Vincent Vermeulen was jarenlang butler, en sinds vier jaar heeft hij zijn eigen butlerschool. In zijn boek Wat we van butlers kunnen leren pleit hij voor een galantere manier van leven. Een gesprek over volharding, schoothondjes en waarom zelfgemaakte yoghurt soms beter is dan het duurste restaurant.

Vanaf de geboorte stond vast dat Vincent butler zou worden: hij groeide op in een hotel.

Vincent Vermeulen: Ik heb op mijn vijftiende nog een poging gedaan om piloot te worden, maar dat was wishful thinking. Mijn familie baatte dat hotel al vier generaties uit, en ik kreeg dienstbaarheid met de paplepel ingegoten.

Toch heeft het nog even geduurd voor u de overstap naar het butlerschap maakte.

Klopt. Ik had met mijn broer een bedrijf en werkte honderd uur per week. Tot ik besloot om mijn aandeel te verkopen. Ik ben dan naar Engeland getrokken voor een butleropleiding. Dat was een serieuze investering. Wat me aansprak, was de mogelijkheid om iets op niveau af te werken. Ik wil alles goed doen. Weet je, mensen zijn tegenwoordig constant bezig met hun smartphone en zien niet meer wat er rond hen gebeurt. Ze vergeten te genieten. Misschien zit hun droomvrouw wel tegenover hen en merken ze dat niet.

Is het dat wat een butler doet : faciliteren zodat de klant meer kan genieten ?
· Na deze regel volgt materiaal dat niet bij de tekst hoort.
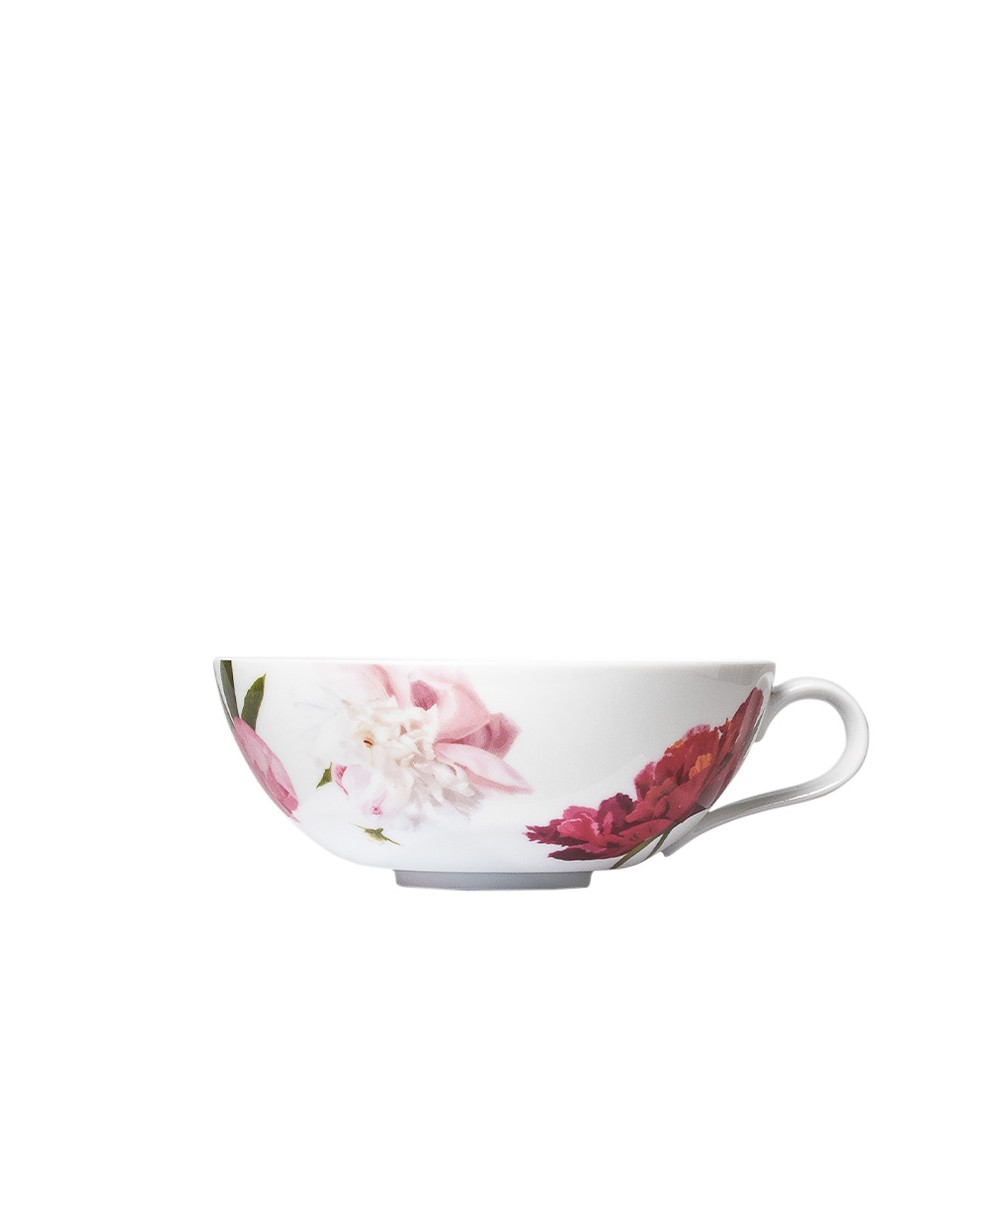 Produktbild, das die Teetasse der Paraiso-Serie von Sieger by Fürstenberg zeigt

Absoluut, dat is onze eerste en belangrijkste taak. Onze klanten nemen ons in dienst om tijd te hebben voor de mensen van wie ze houden of om zich te kunnen focussen op hun werk. Een ex-student werkt bij een familie die voor het eerst een butler in dienst heeft. ‘Een wereld is voor ons opengegaan’, aldus mevrouw. De butler had haar reistas gemaakt met de kledij die zij had klaargelegd. ‘Mevrouw, ik mis uw badkledij’, zei hij. Had hij dat niet gezegd, dan had ze op vakantie zonder gestaan. Een butler is een luxe, maar ook een verrijking. Simpel voorbeeld : je hoeft niet naar de bakker ’s morgens, dus heb je meer tijd voor je kinderen. Een van onze butlers kreeg van zijn opdrachtgever de vraag wat de dresscode black and white betekende ; was dat nu een black of een white tie ? Waarop de butler antwoordde dat het volgens hem een themafeest was in zwart-wit. Die man had dat niet door en leerde dus van zijn butler, die hiërarchisch onder hem staat. Dat is het respect dat we zoeken.

Vier jaar geleden begon u zelf opleidingen te geven. Was er nood aan ?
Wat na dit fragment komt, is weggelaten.